Why Let's Encrypt's short certificate lifetimes are a great thing

March 14, 2018

I recently had a conversation on Twitter about what we care about in TLS certificate sources, and it got me to realize something. I've written before about how our attraction to Let's Encrypt has become all about the great automation, but what I hadn't really thought about back then was how important the short certificate lifetimes are. What got me to really thinking about it was a hypothetical; suppose we could get completely automatically issued and renewed free certificates but they had the typical one or more year lifetime of most TLS certificates to date. Would we be interested? I realized that we would not be, and that we would probably consider the long certificate lifetime to be a drawback, not a feature.

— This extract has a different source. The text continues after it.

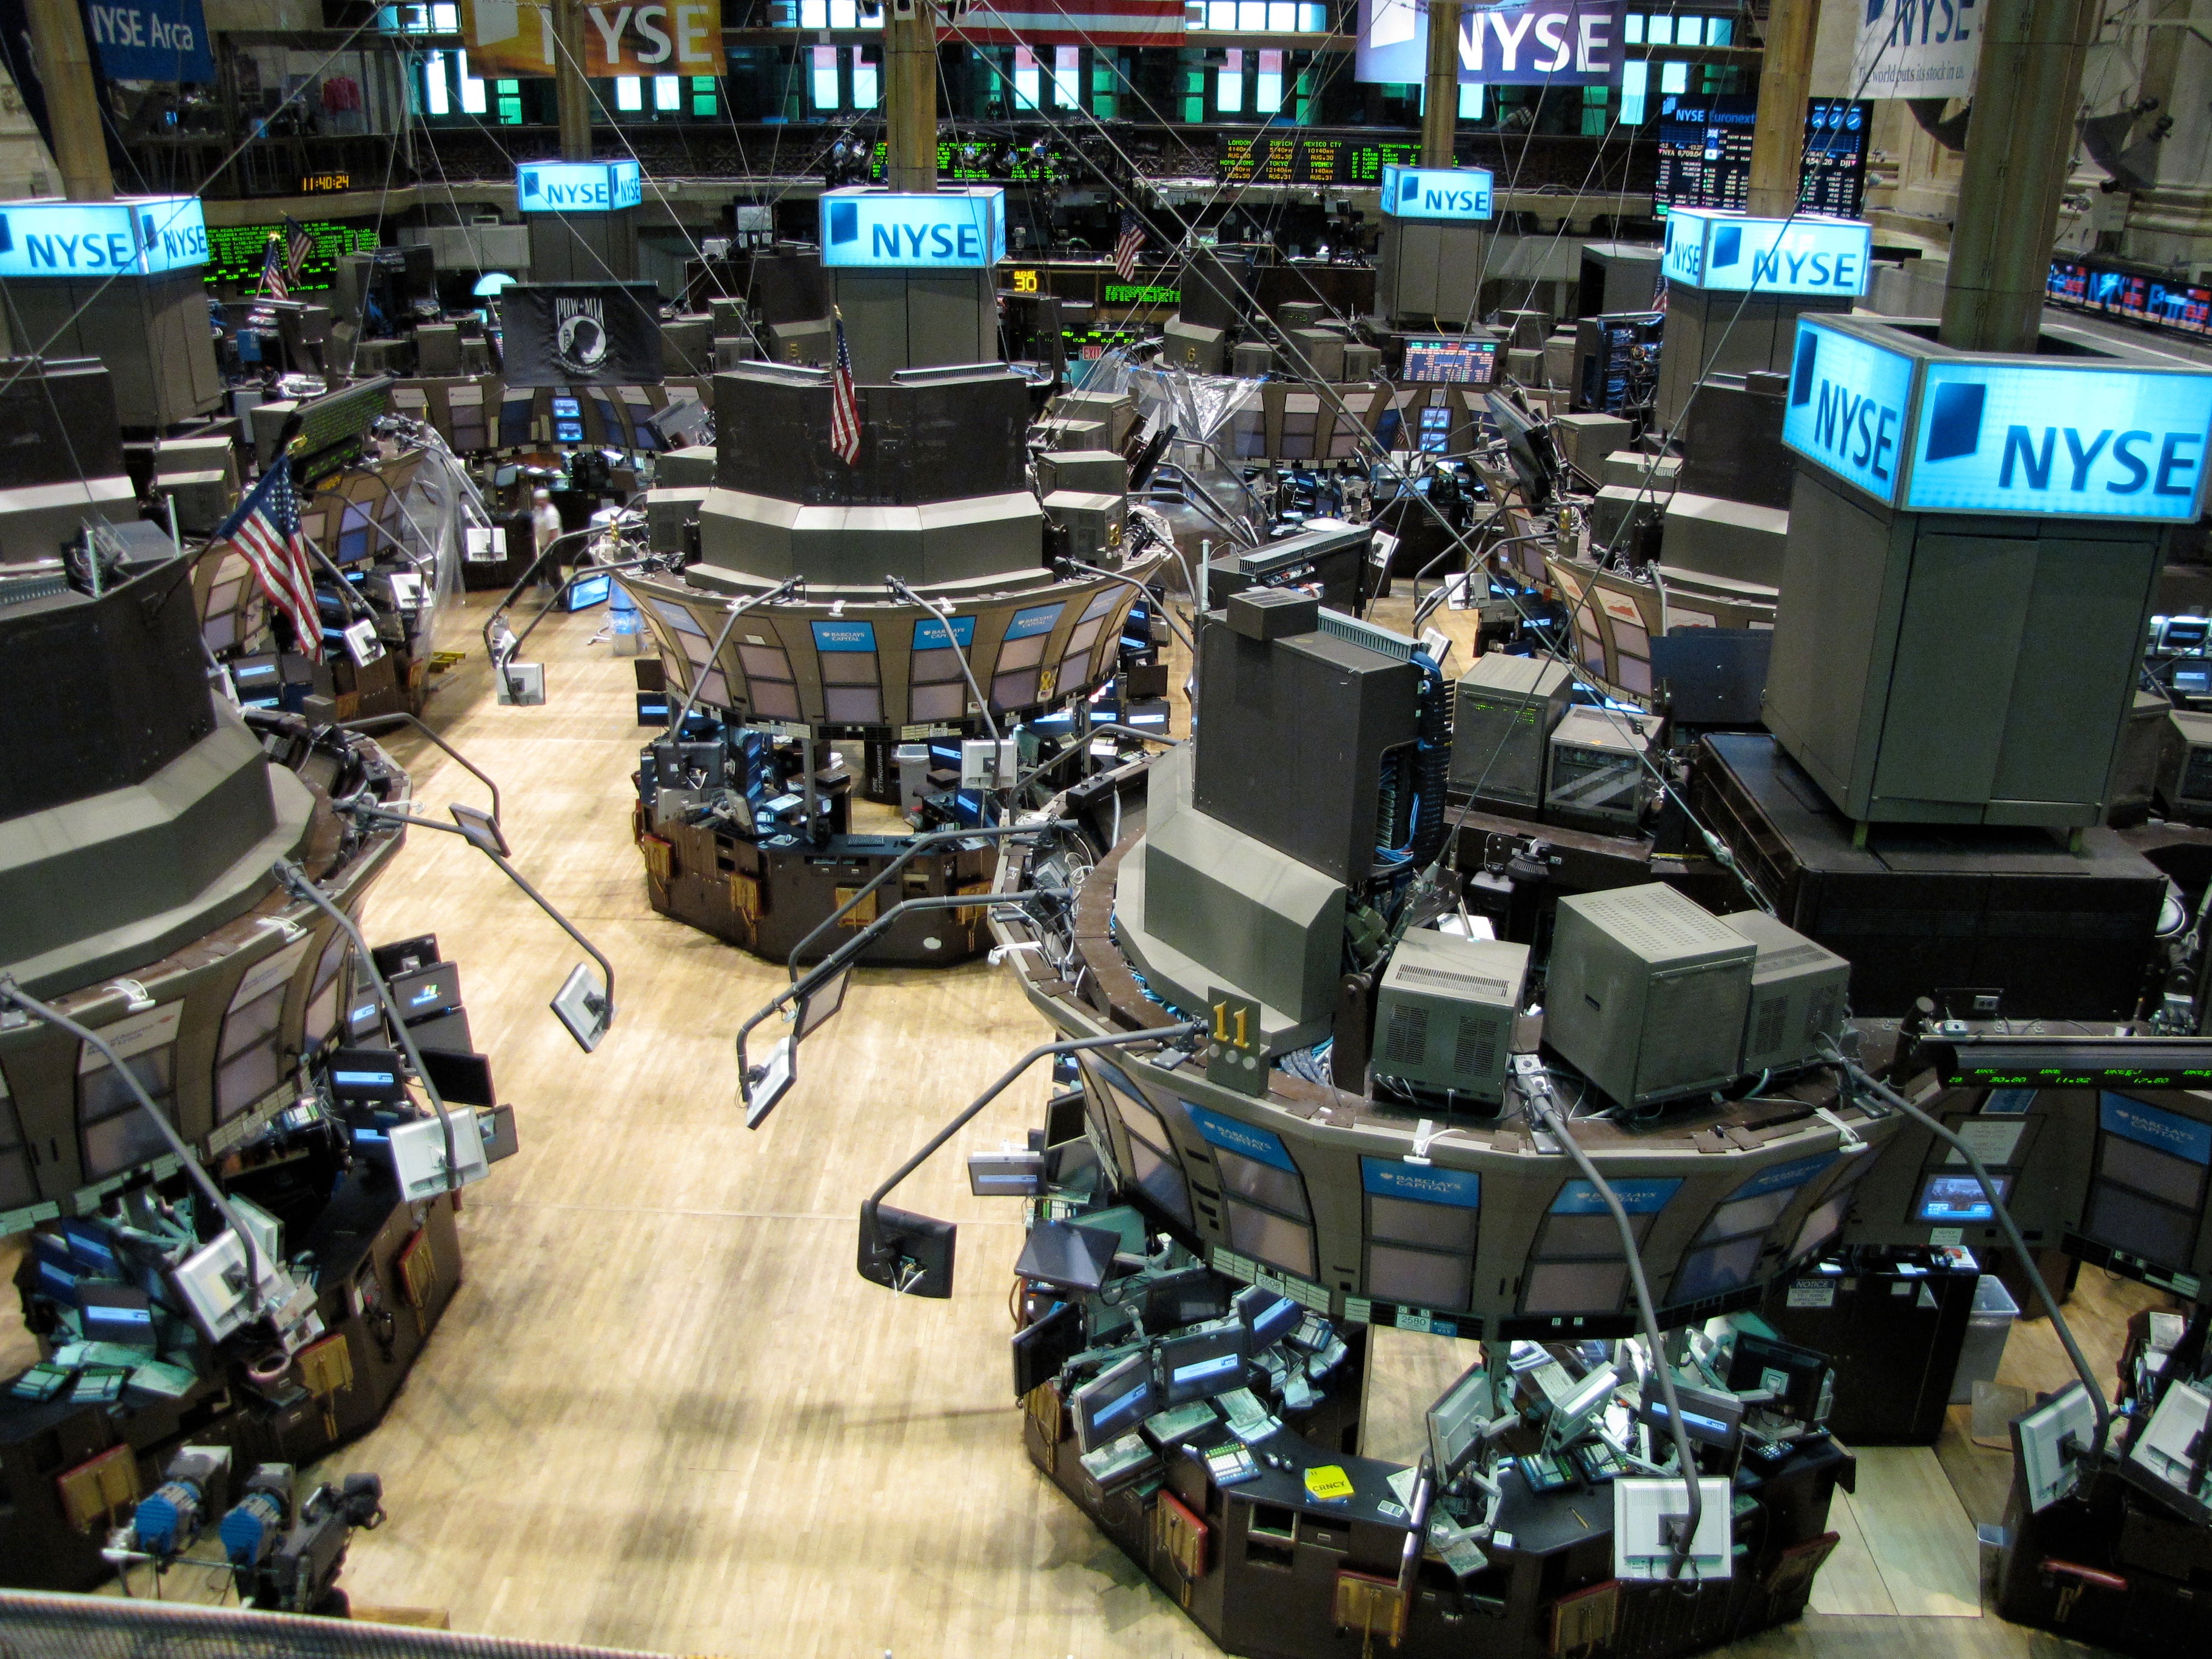 In A Major U-Turn, NYSE Says Will Not Delist China's Major Telecom Operators

There is a general saying in modern programming to the effect that if you haven't tested it, it doesn't work. In system administration, we tend towards a modified version of that saying; if you haven't tested it recently, it doesn't work. Given our generally changing system environments, the recently is an important qualification; it's too easy for things to get broken by changes around them, so the longer it's been since you tried something, the less confidence you can have in it. The corollary for infrequent certificate renewal is obvious, because even in automated systems things can happen.

With Let's Encrypt, we don't just have automation; the short certificate lifetime insures that we exercise it frequently. Our client of choice (acmetool) renews certificates when they're 30 days from expiring, so although the official Let's Encrypt lifetime is 90 days, we roll over certificates every sixty days. Having a rollover happen once every two months is great for building and maintaining our confidence in the automation, in a way that wouldn't happen if it was once every six months, once a year, or even less often. If it was that infrequent, we'd probably end up paying attention during certificate rollovers even if we let automation do all of the actual work. With the frequent rollover due to Let's Encrypt's short certificate lifetimes, they've become things we trust enough to ignore.

(Automatic certificate renewal for long duration certificates is not completely impossible here, because the university central IT has already arranged for free certificates for the university. Right now they're managed through a website and our university-wide authentication system, but in theory there could be automation for at least renewals. Our one remaining non Let's Encrypt certificate was issued through this service as a two year certificate.)

Comments on this page:

From at 2018-03-14 03:02:12:

Right now they're managed through a website and our university-wide authentication system

Is it perhaps the DigiCert service? We've been using that for our university (especially for the free EV). They do have a "CertCentral API" which could be used for automation just as ACME is, although I still haven't gotten around to finishing writing the client tools cough

By cks at 2018-03-14 08:28:28:

The university's current version is provided through Comodo. I haven't dug into the details of what would be possible, because by the time it became readily available to us we'd already started shifting towards Let's Encrypt.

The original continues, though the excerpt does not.